For the study, the participants were divided into two groups. One half got dietary recommendations. the opposite half got an equivalent dietary recommendations, plus the advice to exercise a minimum of half-hour daily, five times every week . 


The results? those that included daily exercise in their routines and followed the diet recommendations cut their risk of developing diabetes by 58%. The reason? those that made the recommended changes in their lifestyle lost 'a moderate amount' of weight. Even more important, researchers found something that they didn't expect. Those within the treatment group had a considerable chance of reducing their blood glucose level to normal, something that had been assumed was impossible. 


Apparently, losing weight not only prevents a worsening of diabetes, it reverses the damage that obesity causes to the cells that produce insulin. 


How much weight loss does it fancy have an impact on the progression of diabetes?
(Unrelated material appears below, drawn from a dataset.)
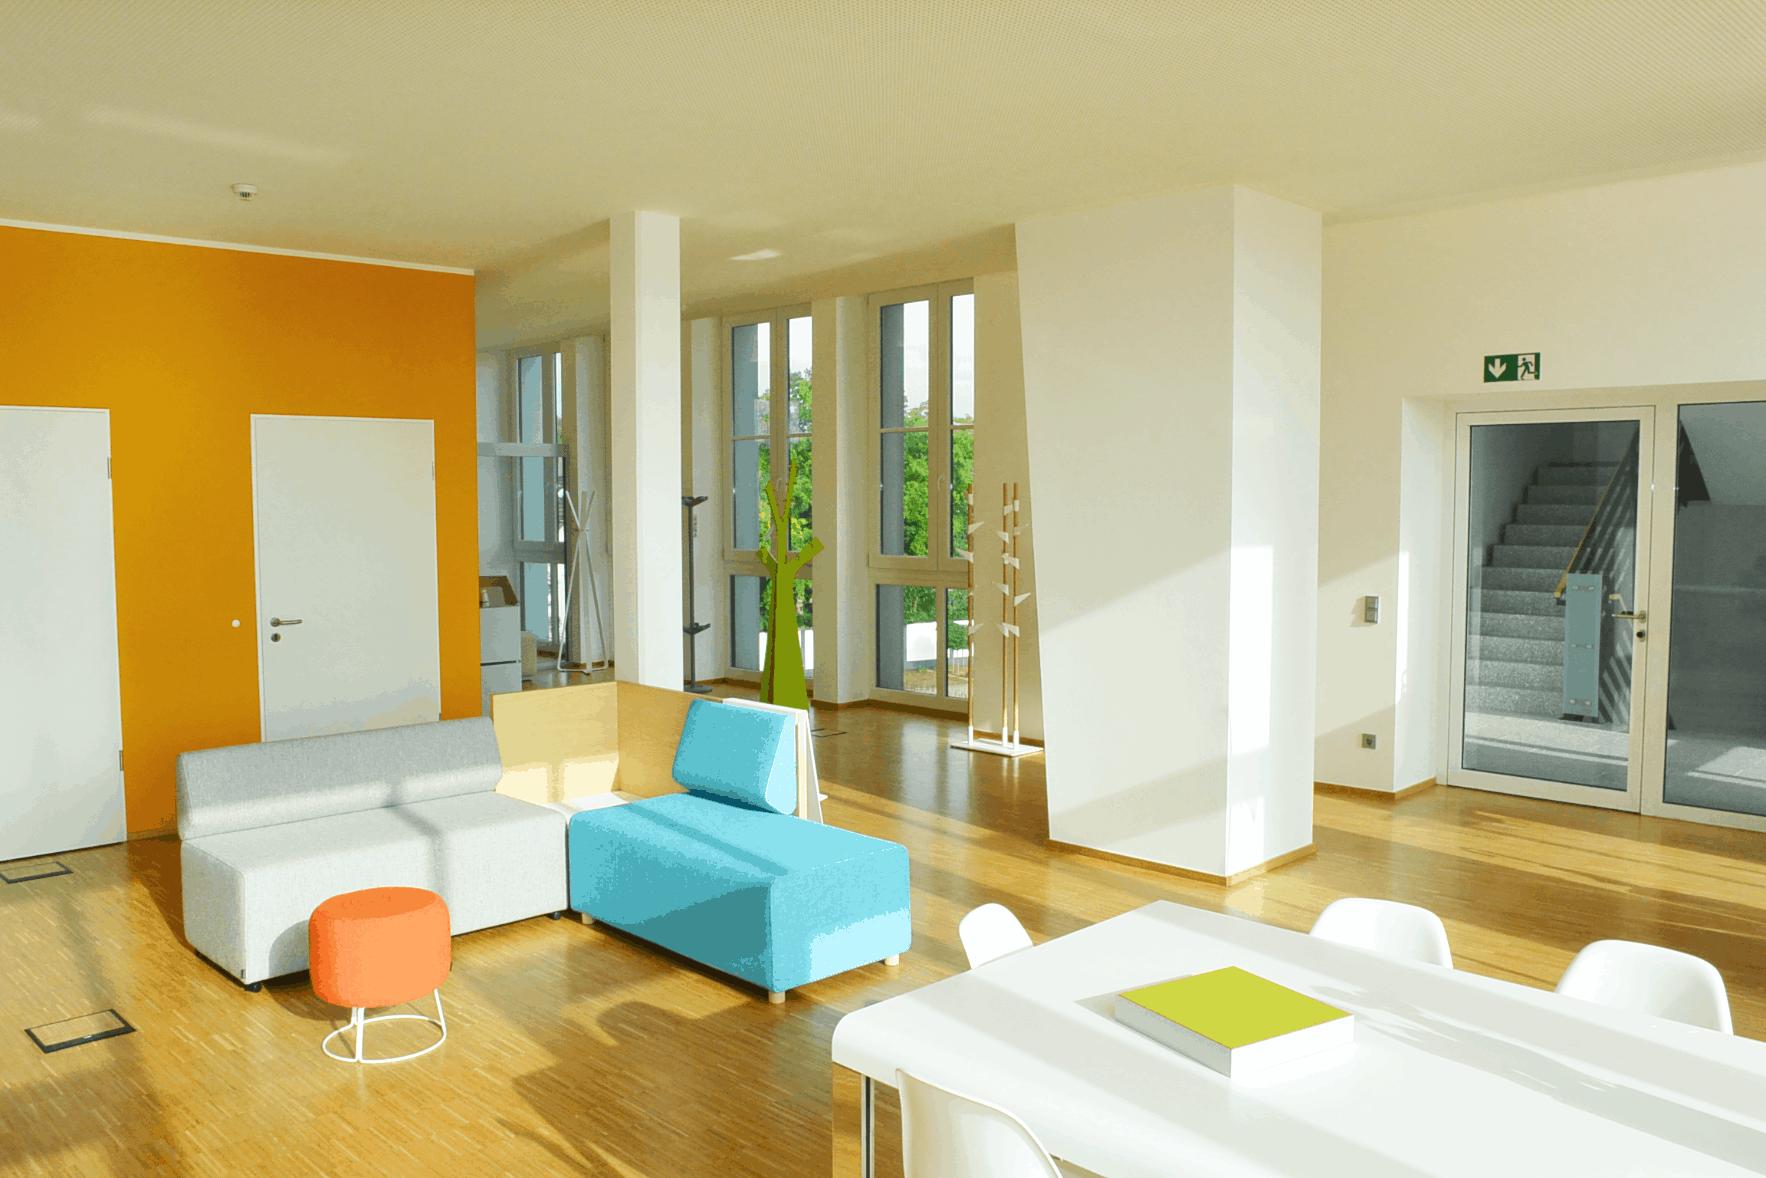 Dellbrück / Akustikplaner / Akustikexperte / Design / Innenausstatter

The key's within the definition of 'a moderate weight loss' - 5-7% of your weight . In other words, counting on your boy weight, a loss of as little as 7-10 pounds can make a difference! 


The recommendations suggested by the American Diabetes Society for a healthy diet to stop diabetes is a perfect diet for steady, gradual weight loss - the type of weight loss that stays lost. The diet includes the subsequent suggested daily diet allowances: 


* Grain - 6-11 servings per day (Bread, Cereal, Rice, Pasta) 

* Vegetables - 3-5 servings per day 

* Fruits - 2-4 servings per day 

* Milk - 2-3 servings per day 

* Meat - 4-6 ounces per day (Meat, eggs, fish, dried beans, nuts and peanut butter) 

* Fats, Sweets, Alcohol - Occasional treats 


(Recommendations for portions are supported gender and activity level. as an example , a sedentary 40 year old woman needs fewer portions than a lively 25-year-old woman.) 


Look familiar? it is also the dietary recommendation for the guts Healthy diet from the American Heart Association, and therefore the recommendations from the USDA's new MyPyramid. The results just keep coming in, but the message is clear: losing weight, maintaining a healthy weight and eating a diet can help prevent most major health problems. Why wait till you're diagnosed? Start today - and it's going to never happen.